After learning how to correct for increasing seasonal variation, we also covered using dummy variables to help to model our data. This was a bit more of a complex R process, so we used an example produced by Dr. Knudson to explain it. First we took our data and assigned month factors to the years data.

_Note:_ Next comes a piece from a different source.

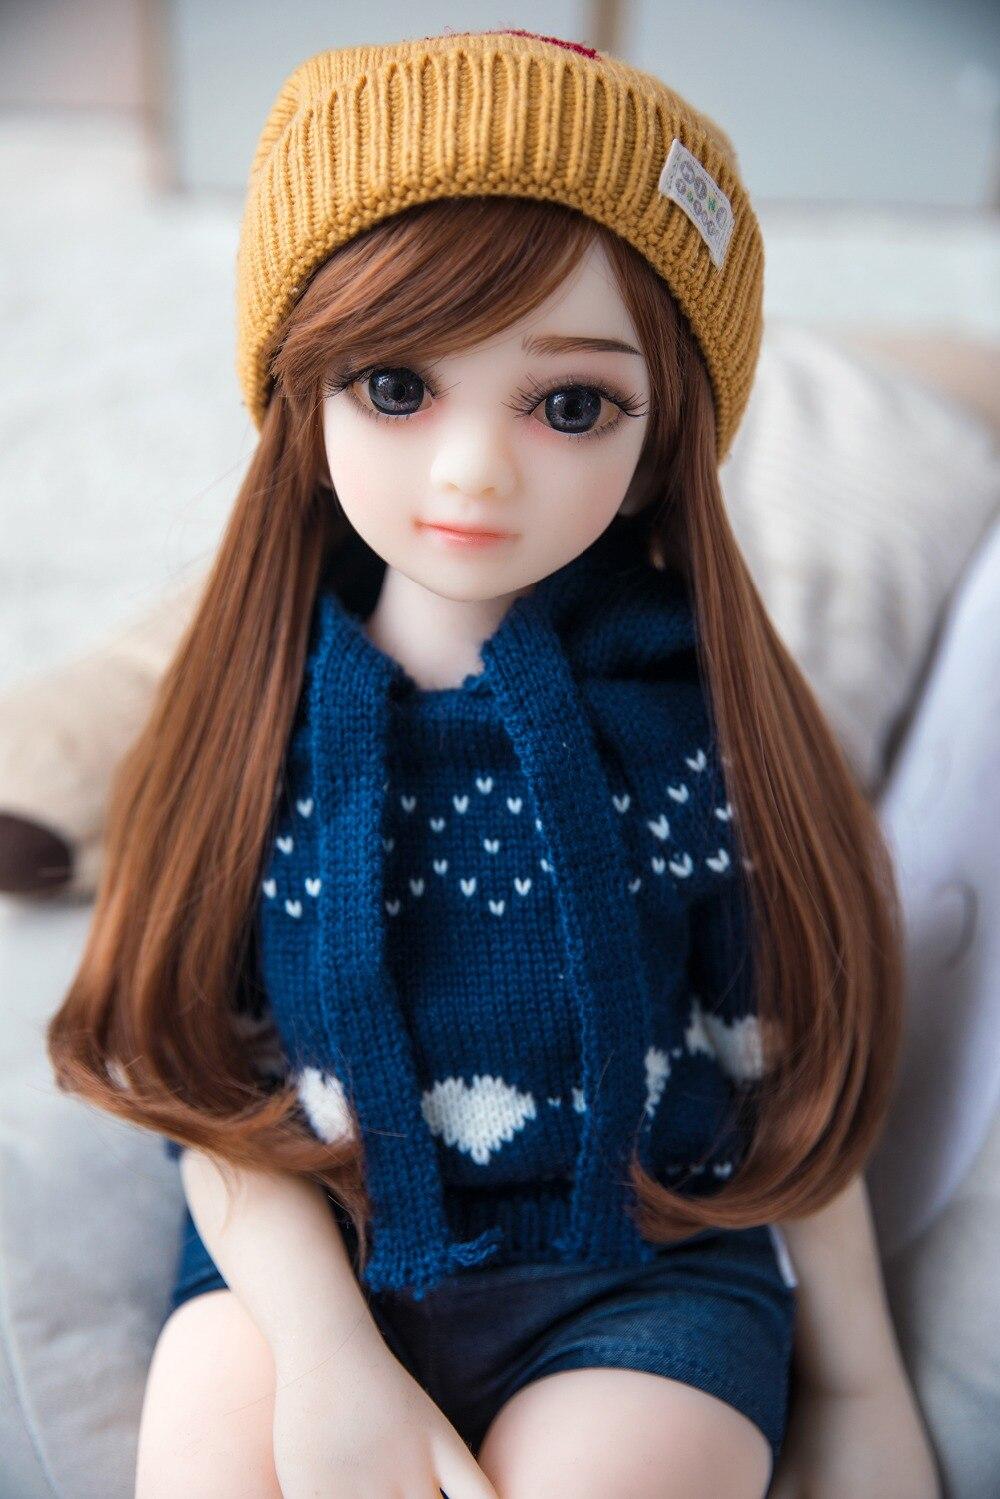 Sexy suave TPE muñeca de silicona 65 cm encantadora cabeza de Anime con vagina real juguetes para adultos para hombres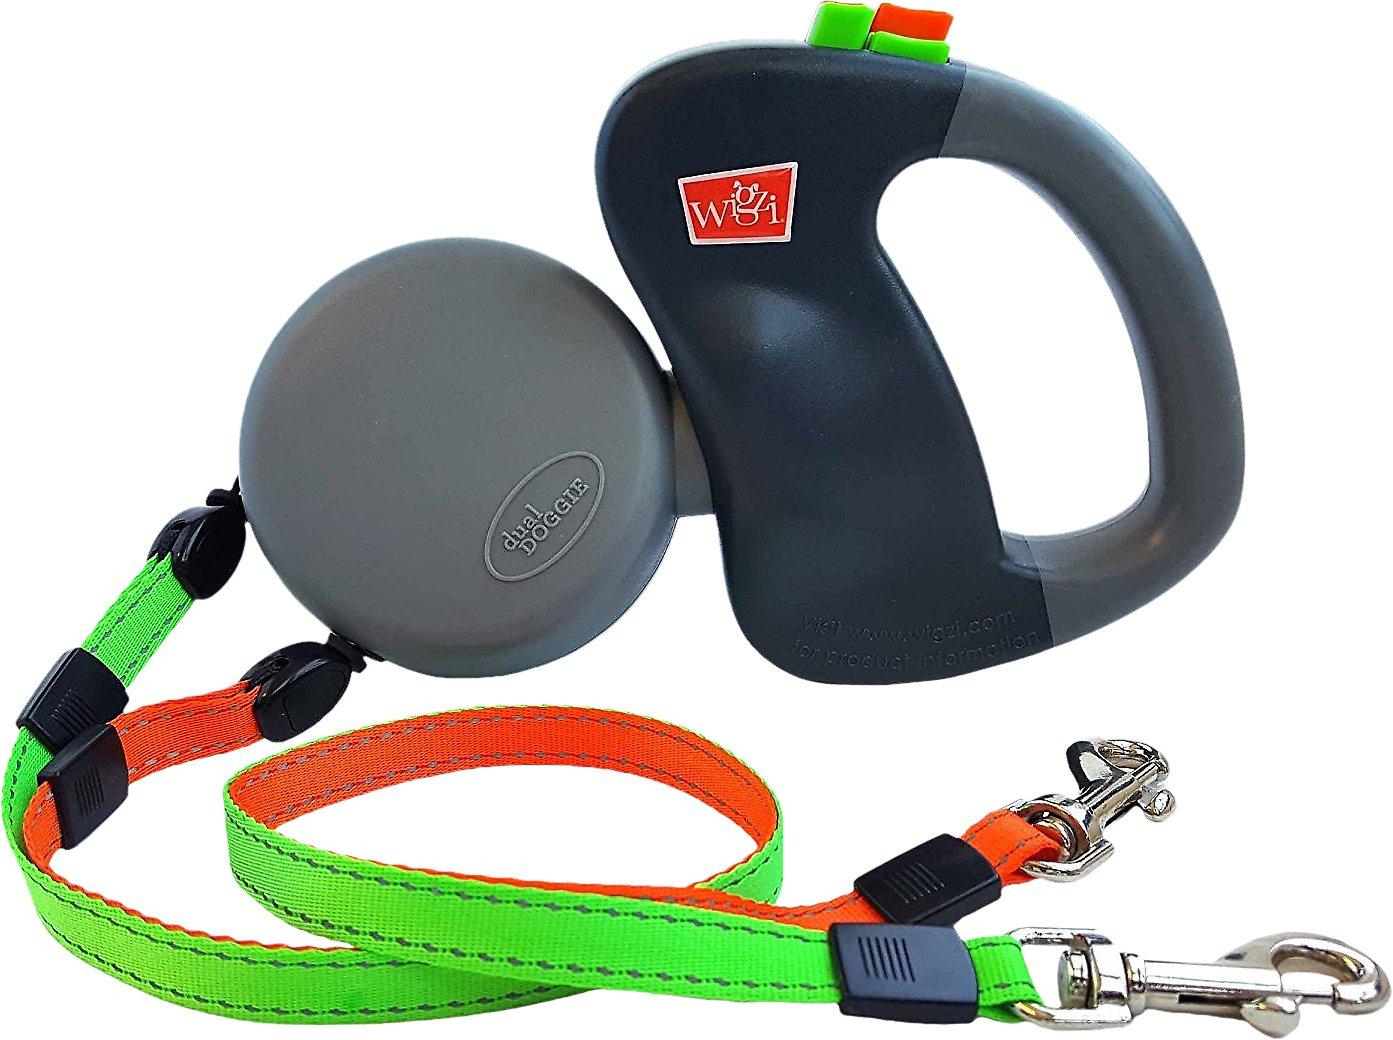 Wigzi Dual Doggie Retractable Leash, Green/Orange

justyear <- floor(airpass$year)
modecimal <- airpass$year - justyear
mofactor <-factor(round(modecimal*12))
levels(mofactor) <- c("Jan", "Feb", "Mar", "Apr", "May",
"Jun", "Jul", "Aug", "Sep", "Oct",
"Nov", "Dec")
summary(mofactor)
## Jan Feb Mar Apr May Jun Jul Aug Sep Oct Nov Dec
## 12 12 12 12 12 12 12 12 12 12 12 12
Then we added these in to the existing data to use in our model building.
airpass$justyear <- justyear
airpass$mofactor <- mofactor
head(airpass)
## pass year justyear mofactor
## 1 112 49.08333 49 Feb
## 2 118 49.16667 49 Mar
## 3 132 49.25000 49 Apr
## 4 129 49.33333 49 May
## 5 121 49.41667 49 Jun
## 6 135 49.50000 49 Jul
Once these had been added in we used them to create our model.
mod <- lm(log(pass) ~ justyear + mofactor, data=airpass)
summary(mod)
##
## Call:
## lm(formula = log(pass) ~ justyear + mofactor, data = airpass)
##
## Residuals:
## Min 1Q Median 3Q Max
## -0.156370 -0.041016 0.003677 0.044069 0.132324
##
## Coefficients:
## Estimate Std. Error t value Pr(>|t|)
## (Intercept) -1.214998 0.081277 -14.949 < 2e-16 ***
## justyear 0.120826 0.001432 84.399 < 2e-16 ***
## mofactorFeb 0.031390 0.024253 1.294 0.198
## mofactorMar 0.019404 0.024253 0.800 0.425
## mofactorApr 0.159700 0.024253 6.585 1.00e-09 ***
## mofactorMay 0.138500 0.024253 5.711 7.19e-08 ***
## mofactorJun 0.146196 0.024253 6.028 1.58e-08 ***
## mofactorJul 0.278411 0.024253 11.480 < 2e-16 ***
## mofactorAug 0.392422 0.024253 16.180 < 2e-16 ***
## mofactorSep 0.393196 0.024253 16.212 < 2e-16 ***
## mofactorOct 0.258630 0.024253 10.664 < 2e-16 ***
## mofactorNov 0.130541 0.024253 5.382 3.28e-07 ***
## mofactorDec -0.003108 0.024253 -0.128 0.898
## ---
## Signif. codes: 0 '***' 0.001 '**' 0.01 '*' 0.05 '.' 0.1 ' ' 1
##
## Residual standard error: 0.0593 on 131 degrees of freedom
## Multiple R-squared: 0.9835, Adjusted R-squared: 0.982
## F-statistic: 649.4 on 12 and 131 DF, p-value: < 2.2e-16
Finally, we plotted our model against the original data to see how well it predicted the trends.
with(airpass, plot(log(pass)~ year, type="l" ))
lines(airpass$year, mod$fitted.values,col="blue")
After lecture today, we also had peer review and partnered up with someone to look at each others paper. I recieved lots of great feedback from Jimmy and my group definitely has some things to go back and change. A lot of Jimmy’s comments were about organizational things and how we could clean up the paper to make things clearer to the reader. One thing he mentioned was that we talked about transformations in our paper, but never went into detail about what we tried and why we didn’t use any sort of transformation. We had some plots detailing the residuals for both our transformed and non-transformed models, but they were relatively small, so his advice was to make those larger and go into more detail about what to look for and why we did what we did.
Another place Jimmy thought there was room for improvement was in the discussion. While we talked about some of our limitations and the potential for future research, we could have done a better job of relating our results back with our lit review. I plan on going back and correcting this by doing a better job of relating our research to the prior research that we found. I will also expalin how our research exapanded off of those studies and advanced research on this topic.